A 47-year-old man had been given a diagnosis of mixed connective tissue disease (MCTD) on 1987 when he had presented with Raynaud's phenomenon, polyarthralgia, sclerodactyly, and a high titre of anti-RNP antibody. Once his symptoms had improved following the administration of prednisolone orally and the treatment was discontinued since 1995. He noticed dyspnea and chest pain in February 1997. The bilateral pleural effusion was pointed out in the local hospital and he was admitted to our hospital in March 1997 for further examination. In addition to pleural effusion and ascites, laboratory studies revealed hypoalbuminemia and low serum levels of complements. Renal and liver function tests were normal and the urine gave a trace test for protein. The presence of protein loss in the gut was confirmed by an elevated alpha 1-antitrypsin clearance and 99mTc-albumin scintigraphy showing abnormal radioactivity in the gastrointestinal tract. Although endoscopic examination showed no abnormal findings macroscopically and gastrointestinal biopsies revealed nonspecific inflammation only, immunofluorescent studies demonstrated deposits of C 3, C 4 and IgG in the stomach, colon, and pleura.
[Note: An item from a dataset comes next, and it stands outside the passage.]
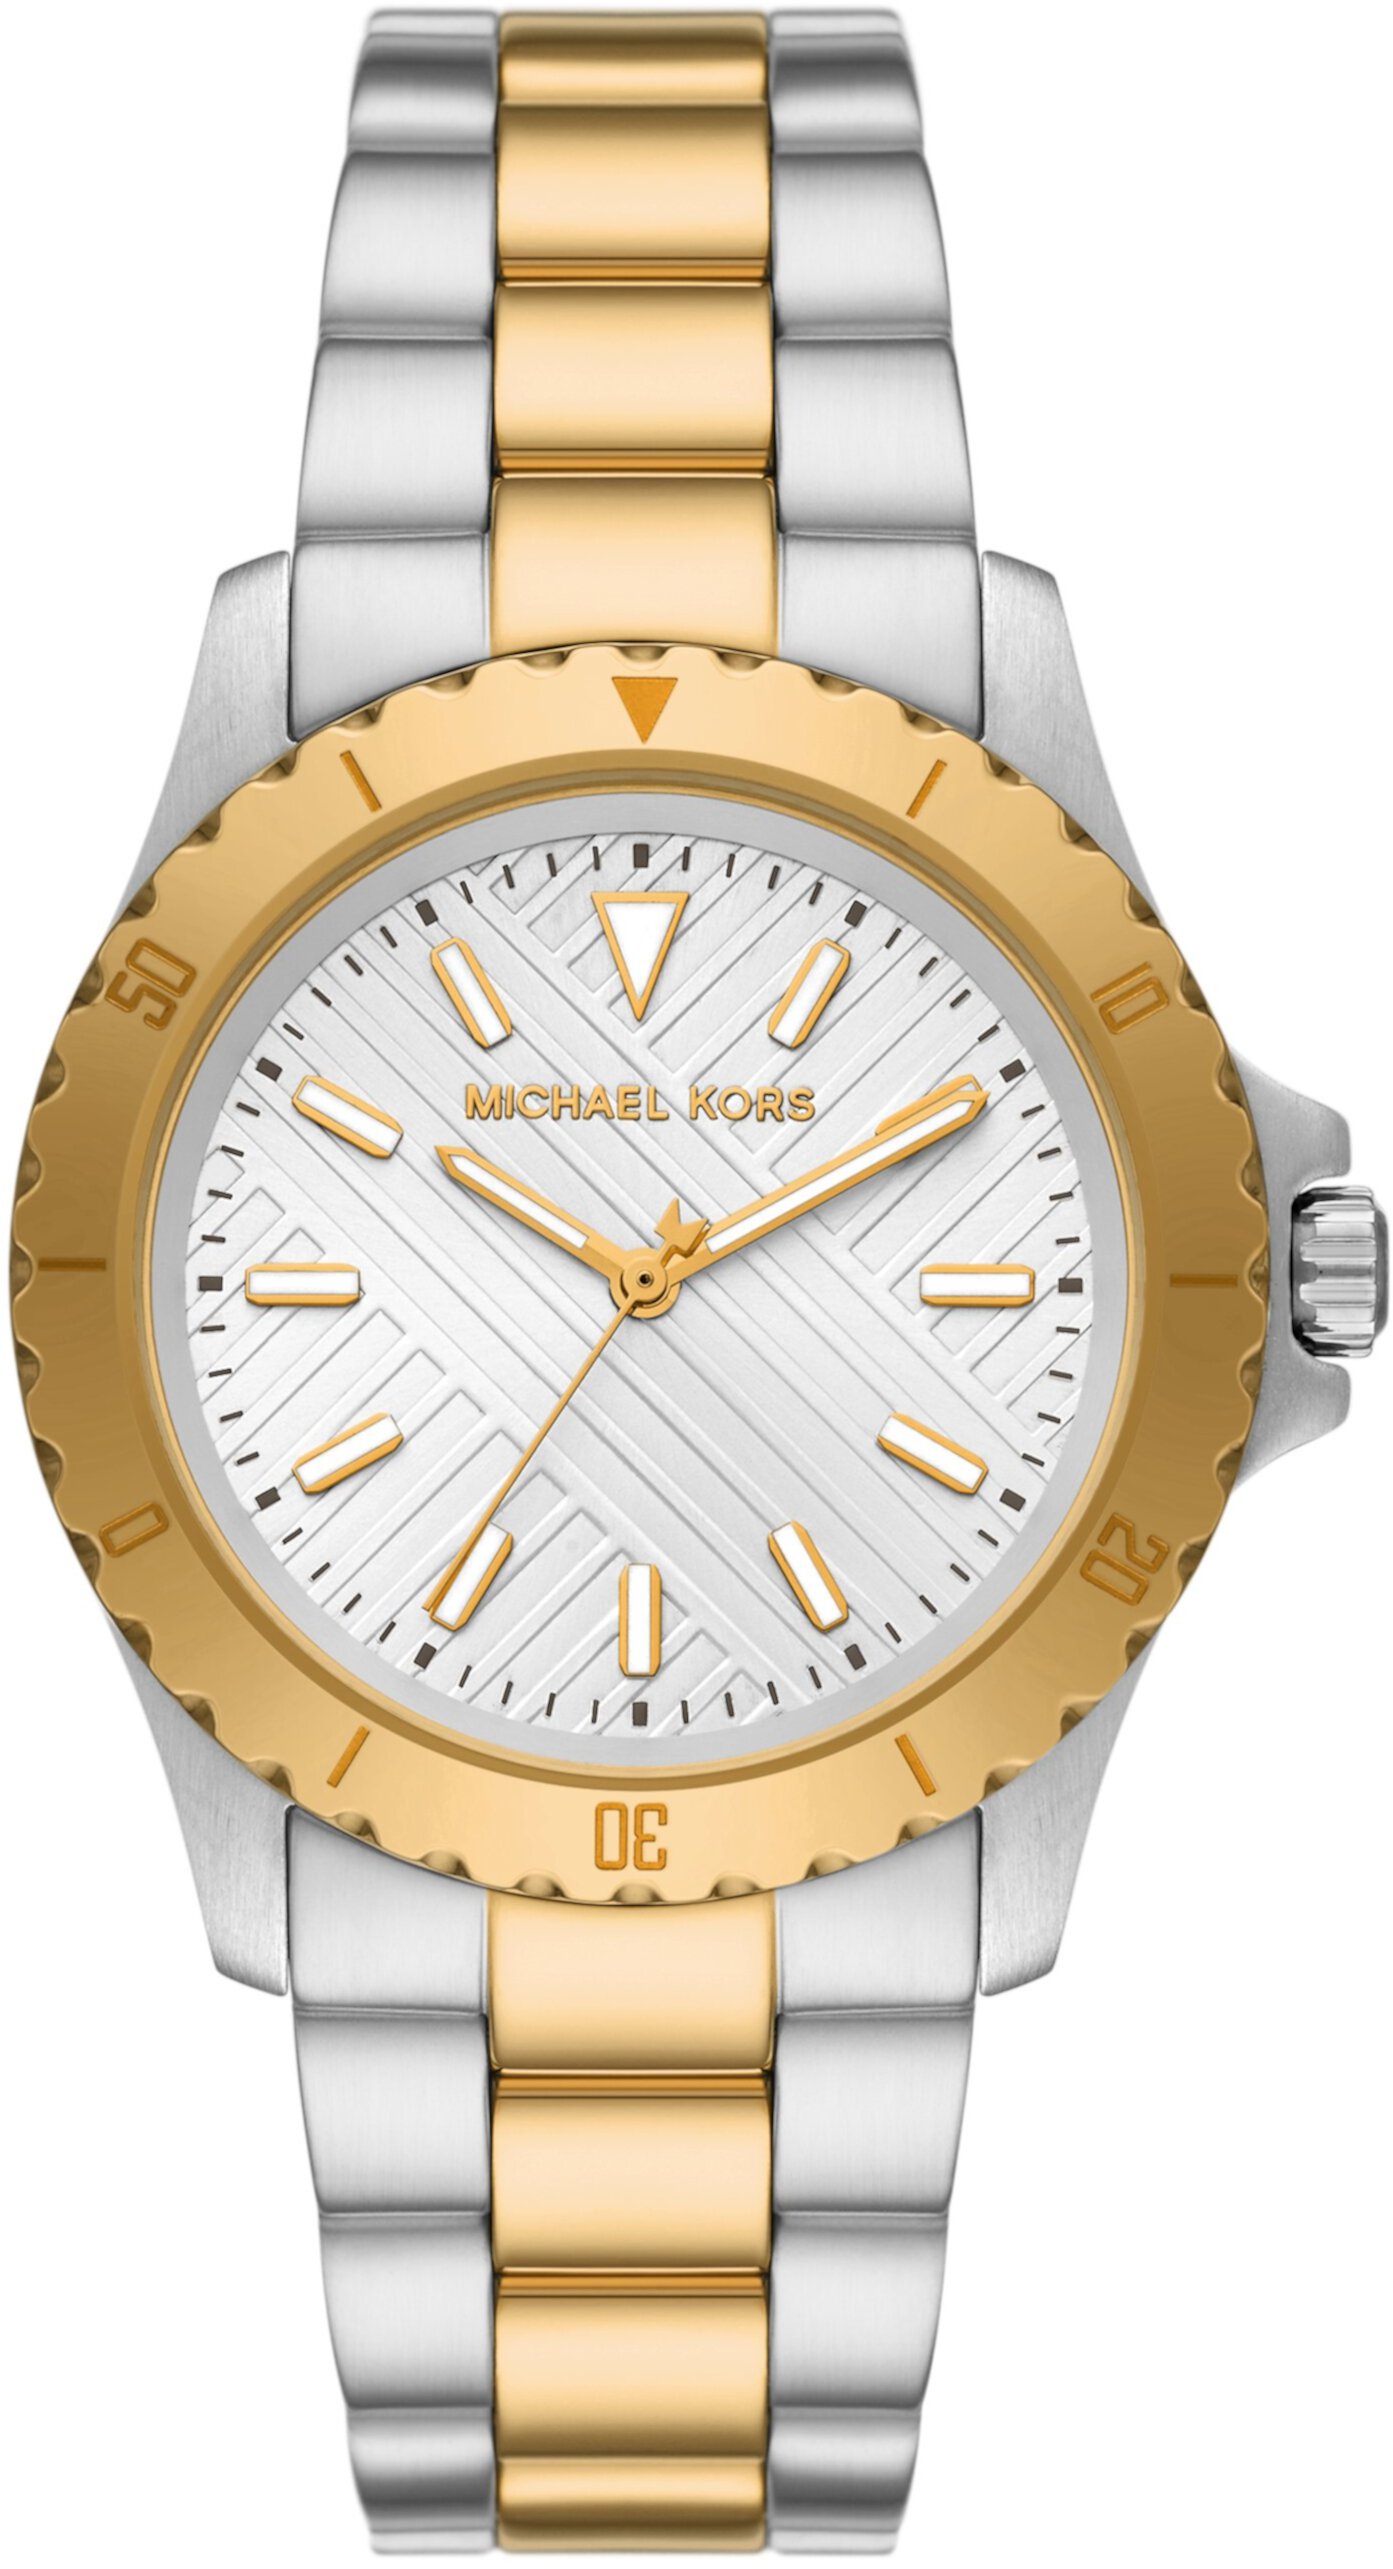 MK9141 — Тонкие часы Everest с тремя стрелками Michael Kors

These findings supported the pathogenesis that immune deposits in tissues caused protein-losing gastroenteropathy (PLGE) in MCTD. Intravenous administration of cyclophosphamide started since July 1997, while the high-dose corticosteroid therapy including methylprednisolone pulse therapy were not effective. Hypoalbuminemia and low serum levels of complements improved remarkably and the pleural effusion and ascites disappeared after cyclophosphamide pulse therapy four times monthly. Cyclophosphamide pulse therapy should be considered as a possibly effective treatment for PLGE in association with collagen disease resistant to corticosteroid therapy.